Balık yağı reklamlarında "halter kaldıran bebekler" ilk defa Fransa'da görüldü. Sonra bize kadar geldi. Zeki Müren'in özel şarkı besteleyip rol de aldığı deterjan reklamının 40. yılı yeni kutlandı. Sanat Güneşi'mizin radyo programlarını da hatırlayalım. "Sevgili şoför arkadaş, gözünüz yolda kulağınız bende olsun" dedikçe oto lastiği satışları patlamıştı.
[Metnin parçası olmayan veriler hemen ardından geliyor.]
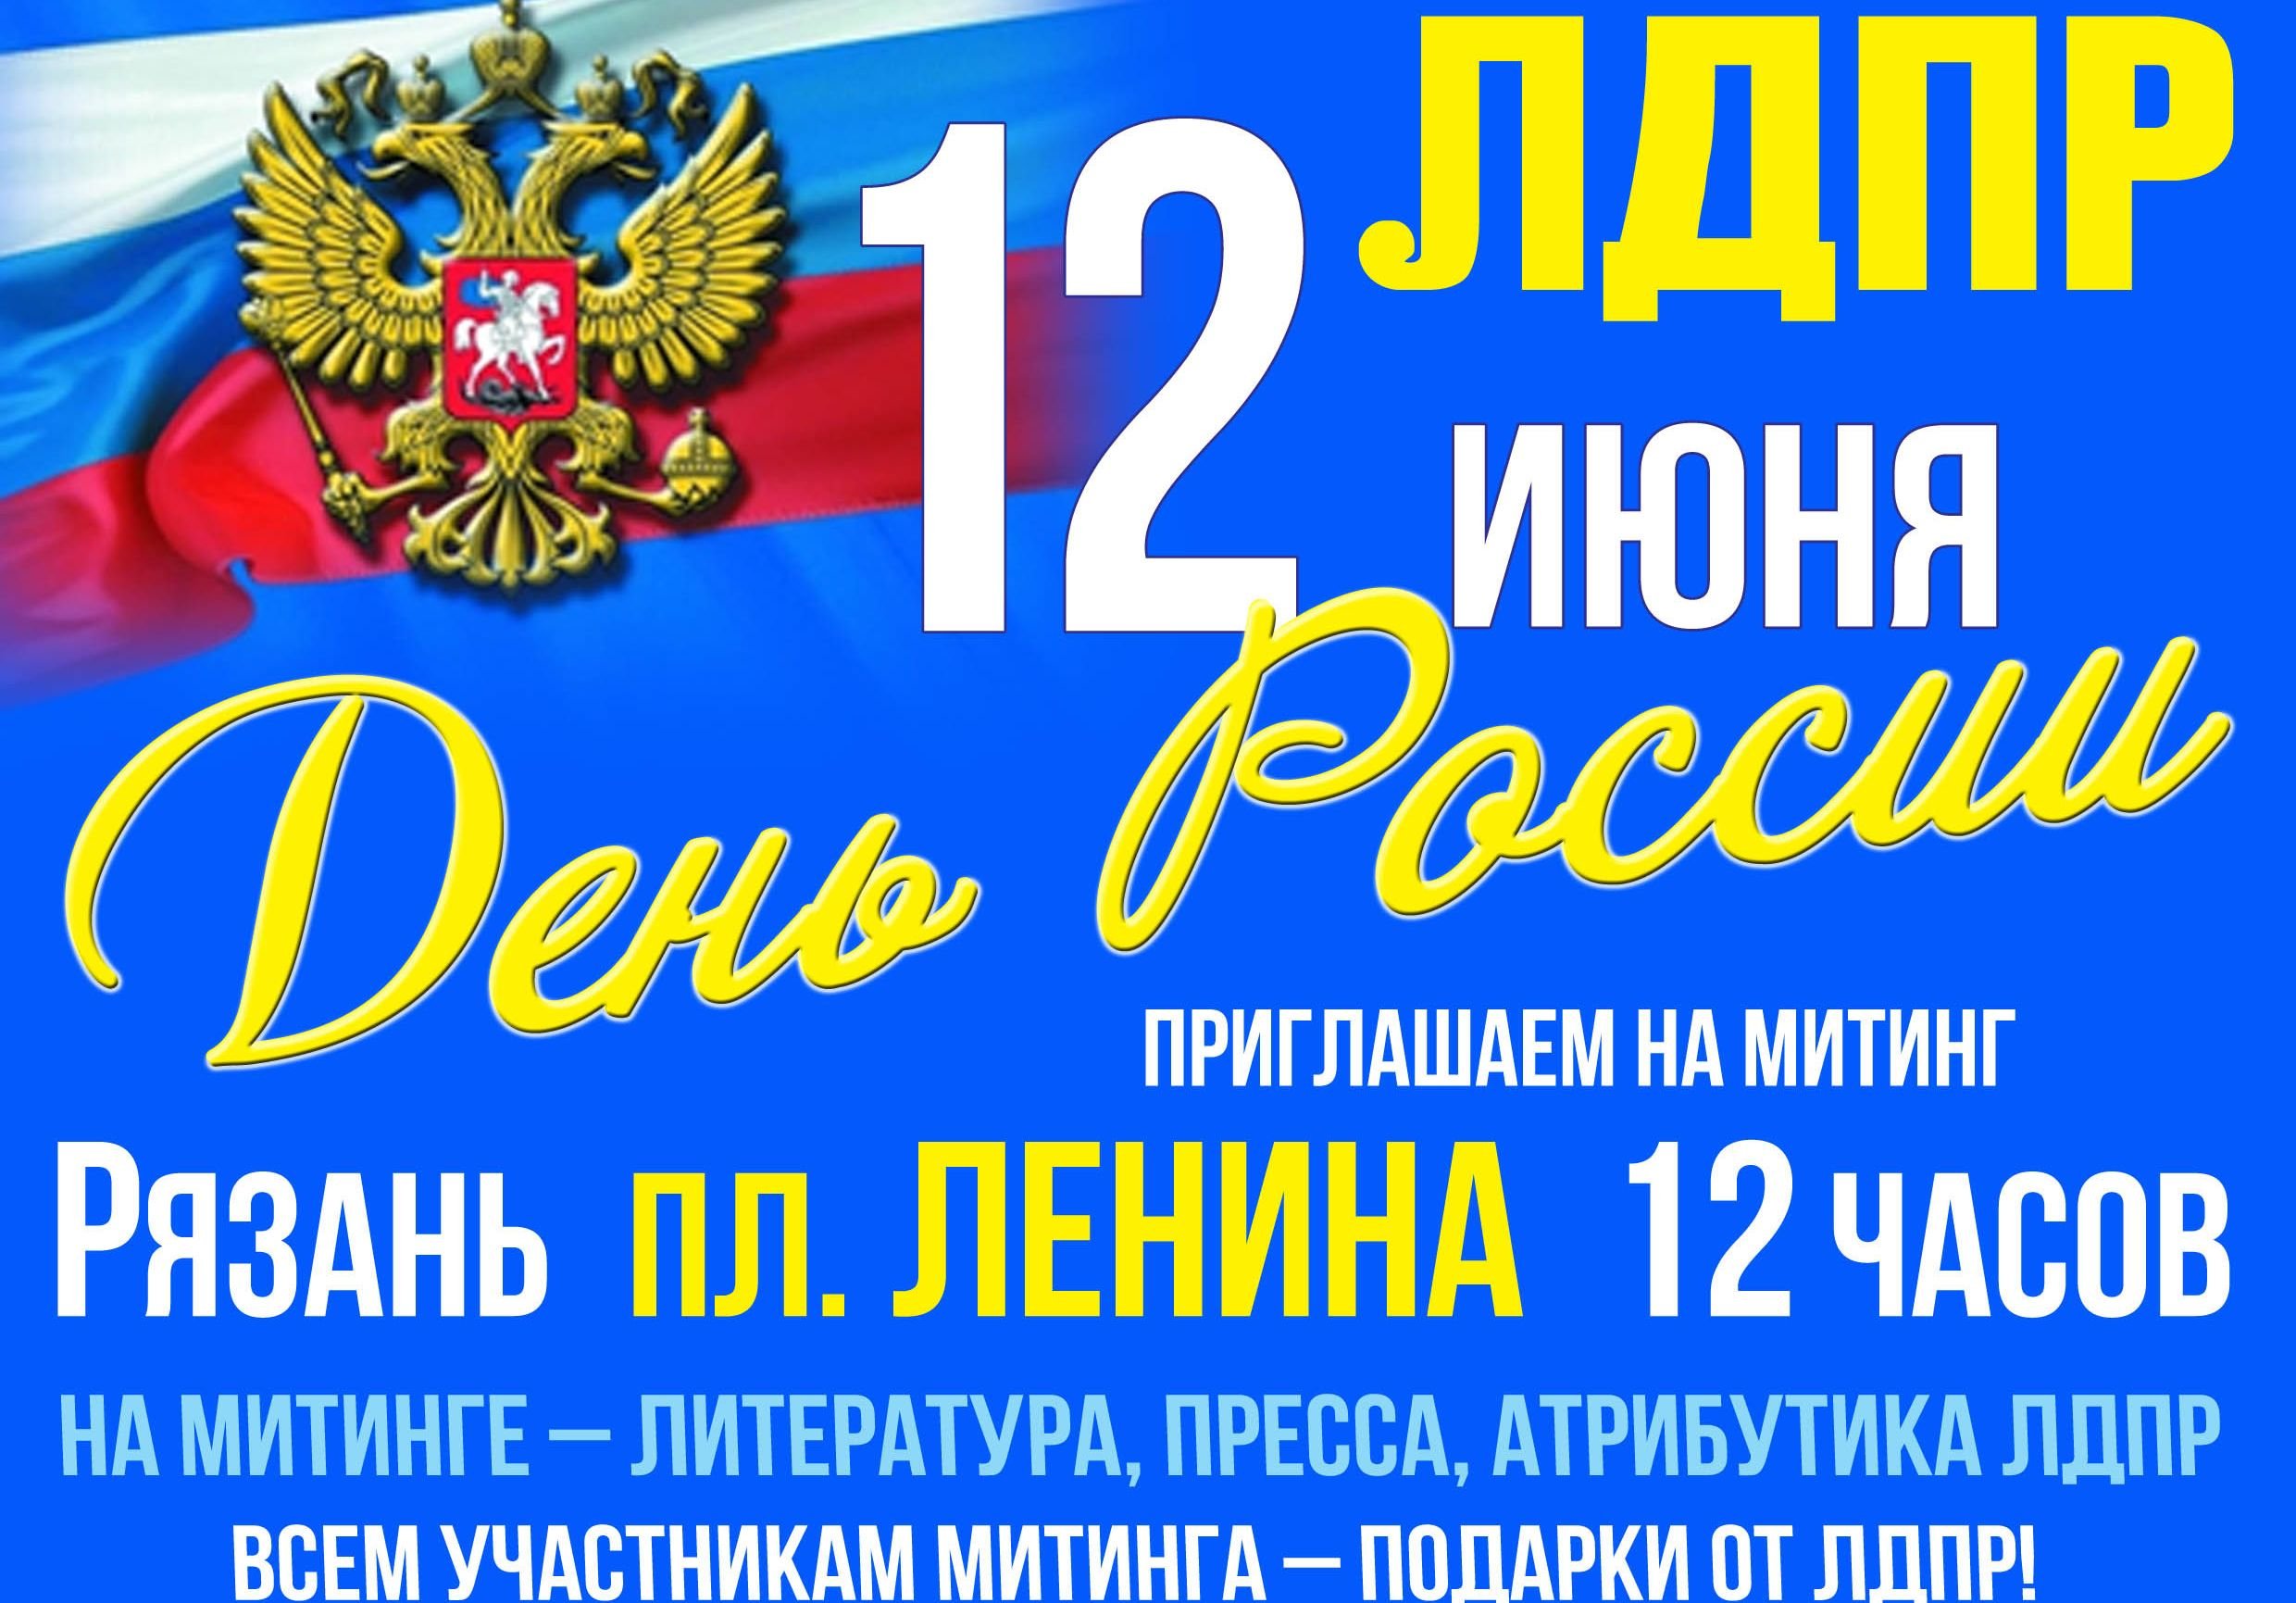 В День России ЛДПР проведет митинг на площади Ленина

'Ağrısız Fenni Sünnetçi' ilanları hep popülerdi. En ünlüsü Kemal Özkan'dı. Levent'te muhteşem bir sünnet sarayı yaptıktan sonra Hakk'a yürüdü. Şimdi çocukları baba mesleğini sürdürüyor.

Kadın ve çocuklar

Gelmiş geçmiş en önemli medya patronu kabul edilen Randolph Hearst'ün önemli kuralları vardır. "Gazete ve dergiyi besleyen iki şey satış ve ilandır" demişti. Basın Kralının haklılığı her zaman doğru çıktı. Tanıtım yapacaksınız ki, tanınasınız. Halkın benimsemesi için bu yola devam zorundasınız. 2017'ye günler kala hedef kitle aynı; "Kadın ve Çocuklar". Dünyanın tüm reklam ajansları bu ikilinin üstüne çalışıyor. Bankalar dahil, tüm finans kuruluşları da aynı yolda. Demek ki ne tanıtım ne hedef kitle değişiyor. Arada vefat ilanlarını görmek için gazete alanlar varsa da onlara aldırmayın. Önemli olan devam eden hayatlara seslenmek. Unutmayın ki bir zamanlar Şehir Tiyatroları ilanları gazetelere sadece iki veya üç biletle ödenirdi. Onlar da önden değil, orta sıralardan!

***

KÜÇÜK ÖZÜR:

İnsanın en zayıf tarafı bilgisine fazla güvenmesidir. Örneğin ben 'Notre Dame'ın Kamburu'ndan söz ederken "kader" yazısından yola çıkmıştım. Eseri Goethe'ye mal edip yanlış yaptığımı bir gün sonra anladım. "Sürç-i dil" yapıp Victor Hugo'yu atladım. Yine eski deyimle "dumanı doğru çıkmıştı" ama bu ayıbımı itiraf etmek de bana yakışırdı. Unutmayın, özür dilemek de erdemdir.